During emergencies, bureaucratic delays can cost lives and property. This exemption ensures that imported emergency goods can be deployed immediately without customs tariff hindrances. The regulation is narrowly tailored and achieves an important public safety objective that would be difficult to replicate through ad hoc administrative measures during crises.

delete Australia Tariff and New Zealand Tariff Rules of Origin Regulations SOR/98-35 · 2006
Summary

Trade preference regulations establishing origin criteria and shipping requirements for Australia and New Zealand goods to qualify for preferential tariff treatment in Canada. Requires a minimum of 50% domestic production cost and direct shipping from the country of origin.

Reason

These regulations artificially restrict trade, raise consumer prices, reduce supply options, and create costly compliance burdens. The protectionist rules distort efficient global supply chains and benefit producers at the expense of Canadian consumers and overall economic welfare.

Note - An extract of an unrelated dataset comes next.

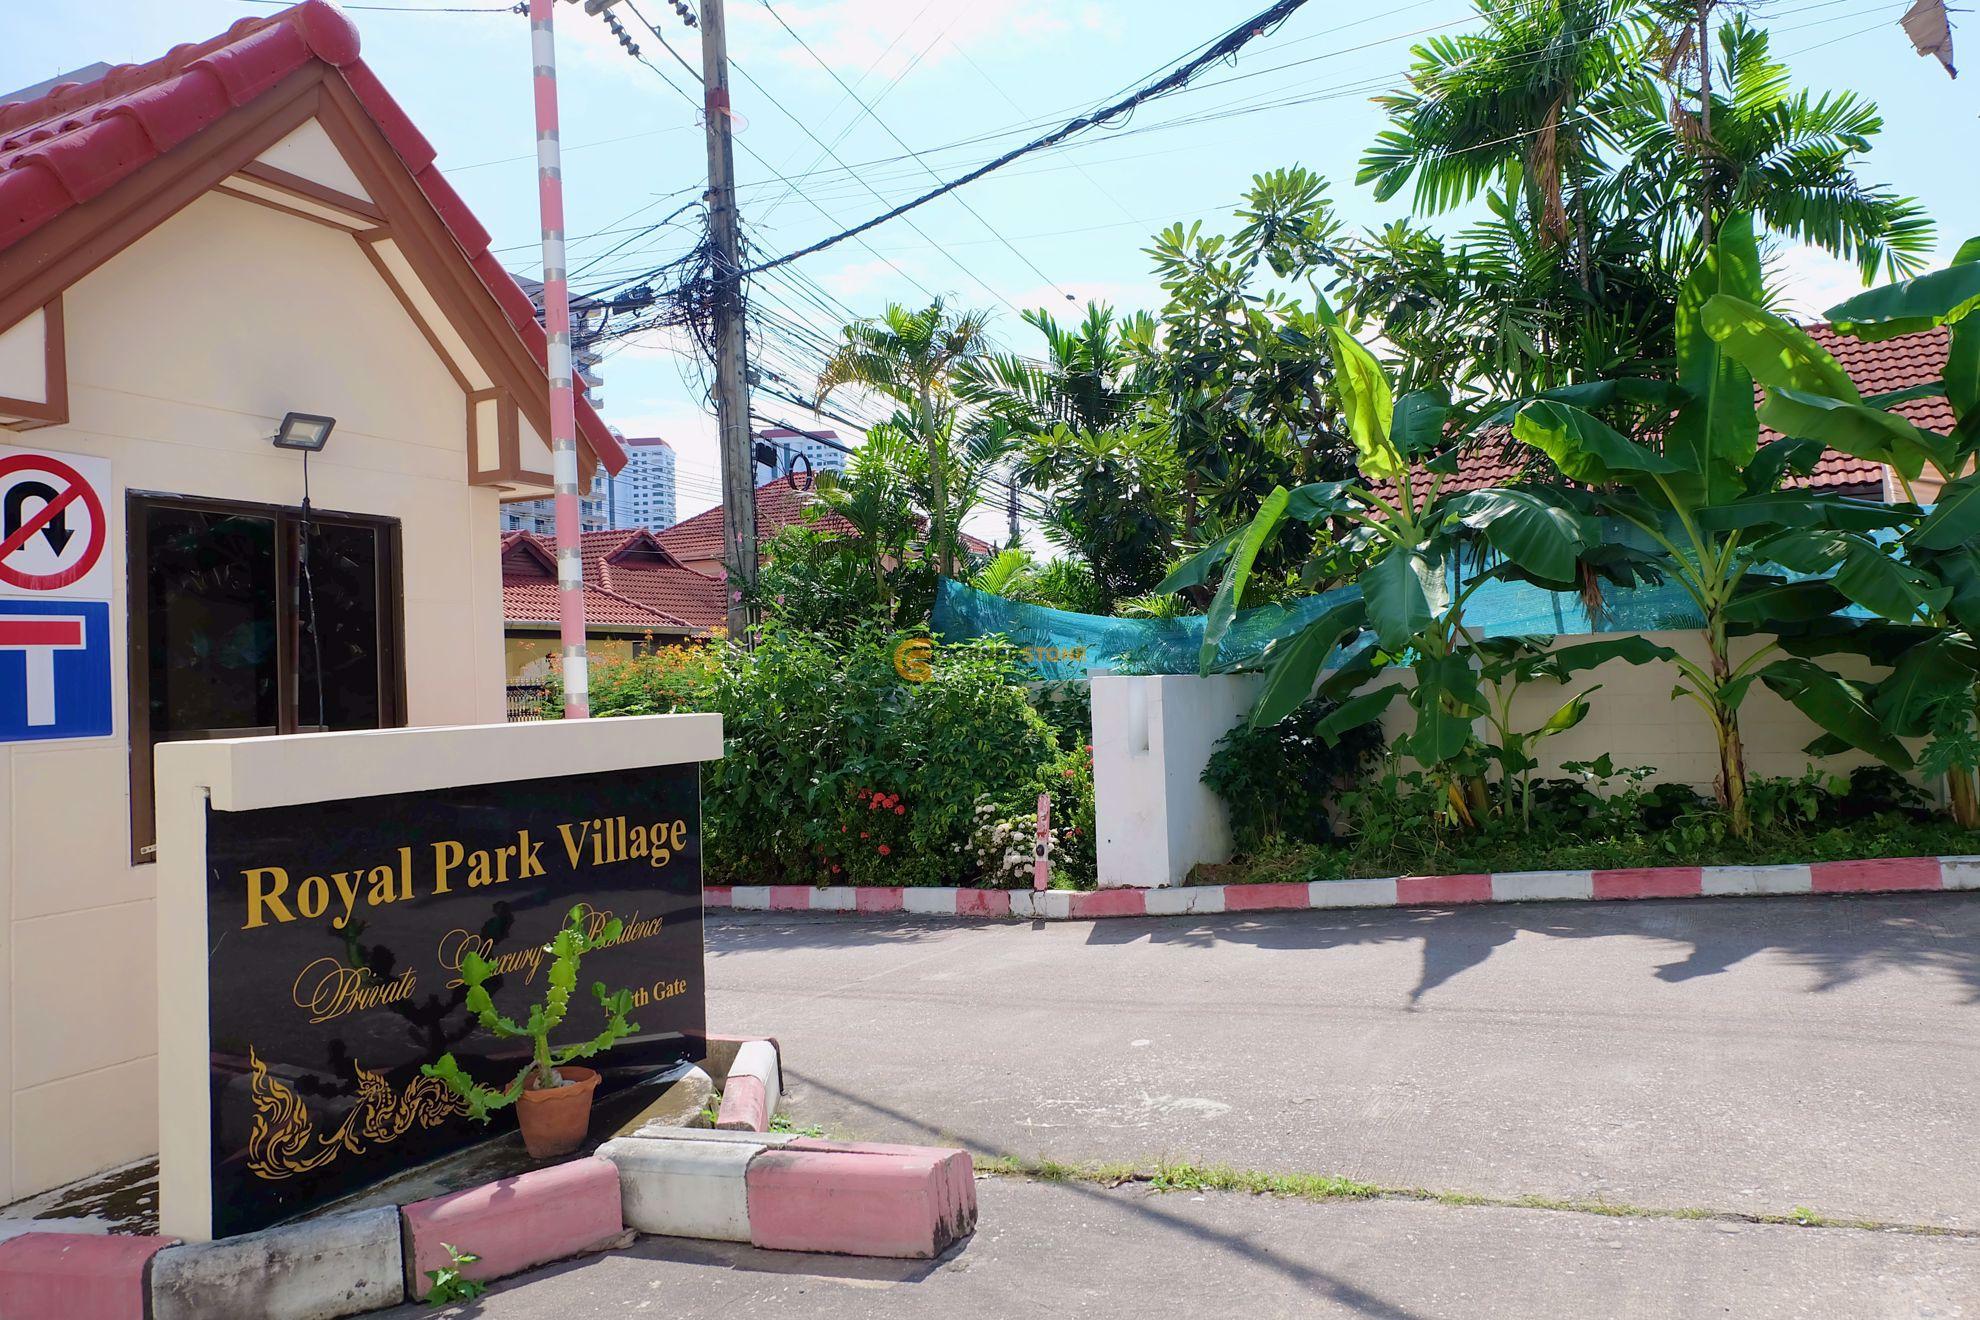 Royal Park Village
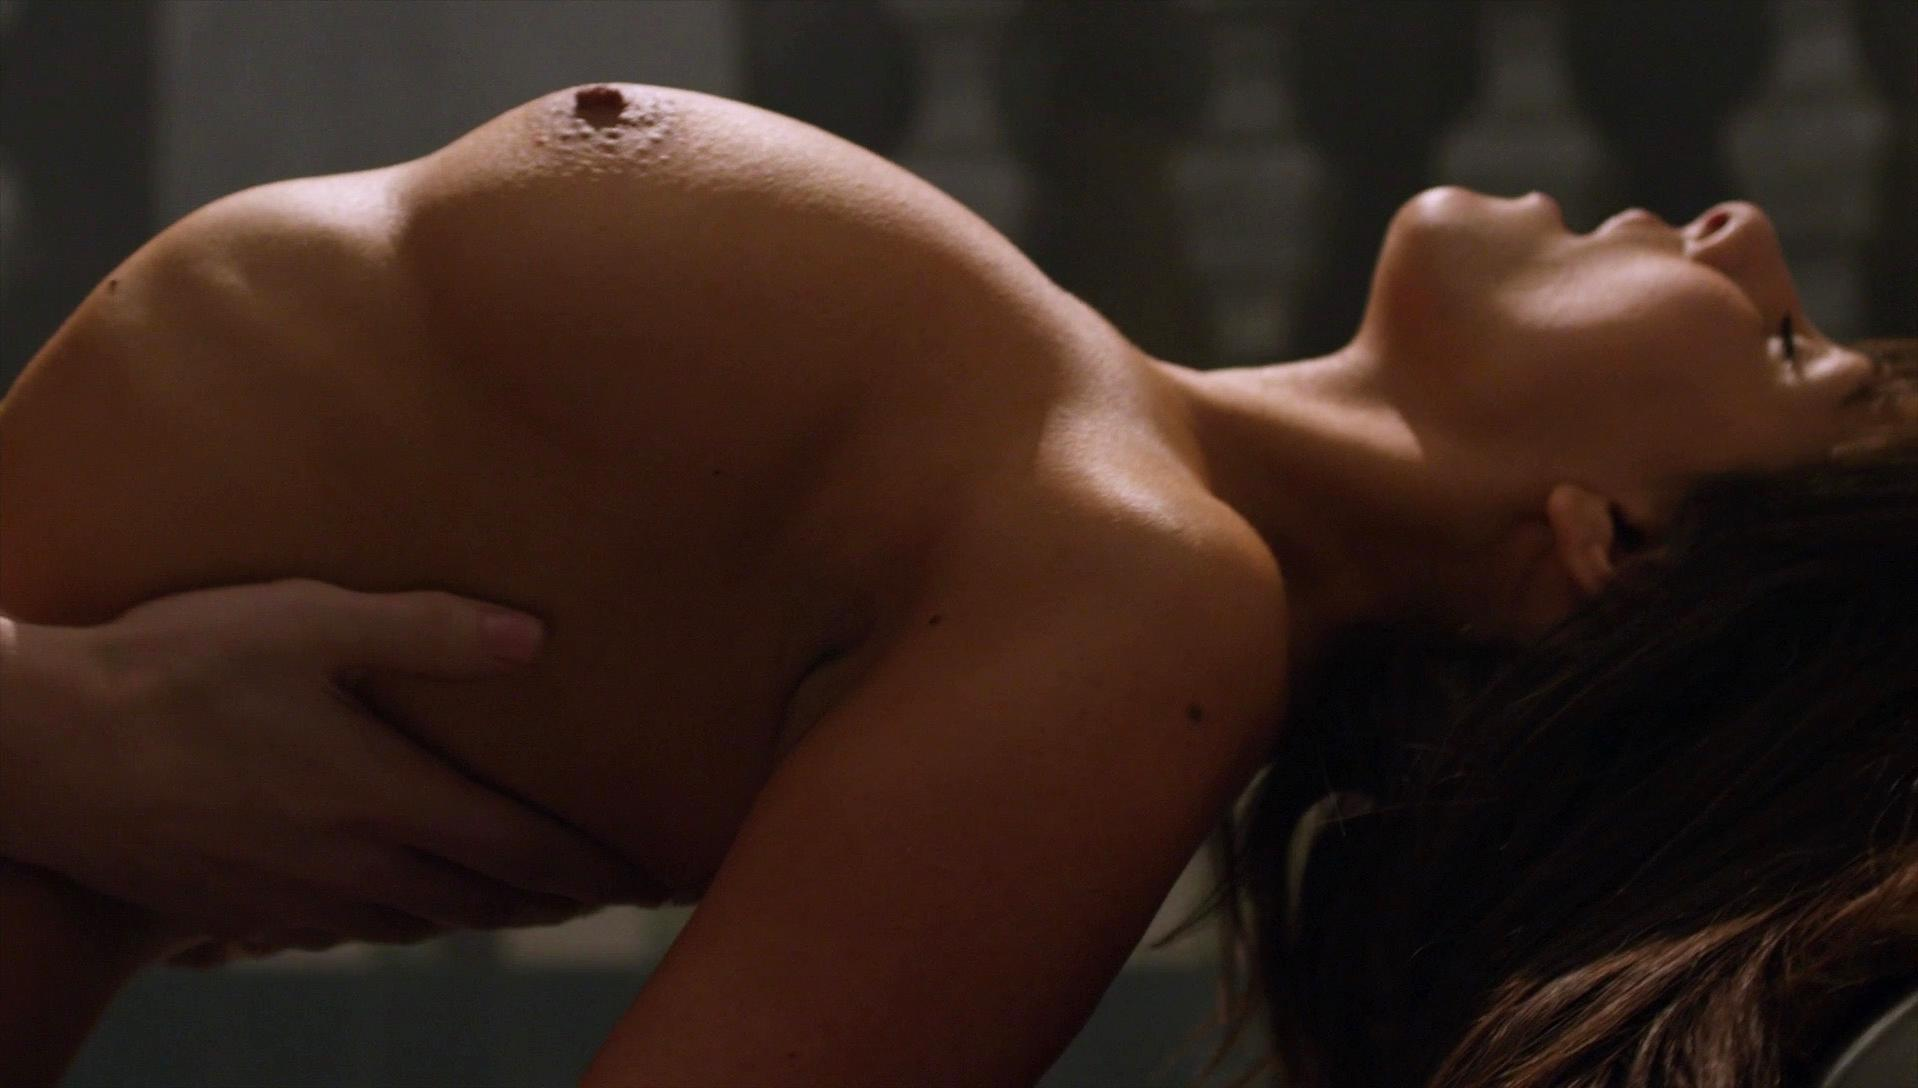 Women naked tan line

delete Lancaster Sound Designated Area Regulations SOR/98-349 · 2006
Summary

This regulation designates a specific grid area in Lancaster Sound, Northwest Territories for potential oil and gas exploration orders under the Canada Petroleum Resources Act, coming into force June 18, 1998.

Reason

This regulation creates a regulatory barrier to resource development by establishing a special designation area that adds bureaucratic complexity and delays to energy exploration, reducing Canada's competitive advantage in Arctic resource development.

delete Alpine Joe Sportswear Remission Order, 1998 SOR/98-345 · 2006
Summary

A remission order granting Alpine Joe Sportswear Ltd. refunds of customs duties on specific polyester-cotton-elastane fabrics imported between 1997-2002 for use in manufacturing hiking pants, shorts, and bicycle touring shorts, with an annual limit of 13,716 metres.

Reason

Obsolete and arbitrary corporate welfare that violates equal treatment under the law; expired in 2002 but remains on books, creating regulatory clutter and the precedent of government picking winners. Canadians would be better off with neutral, uniformly applied tariffs.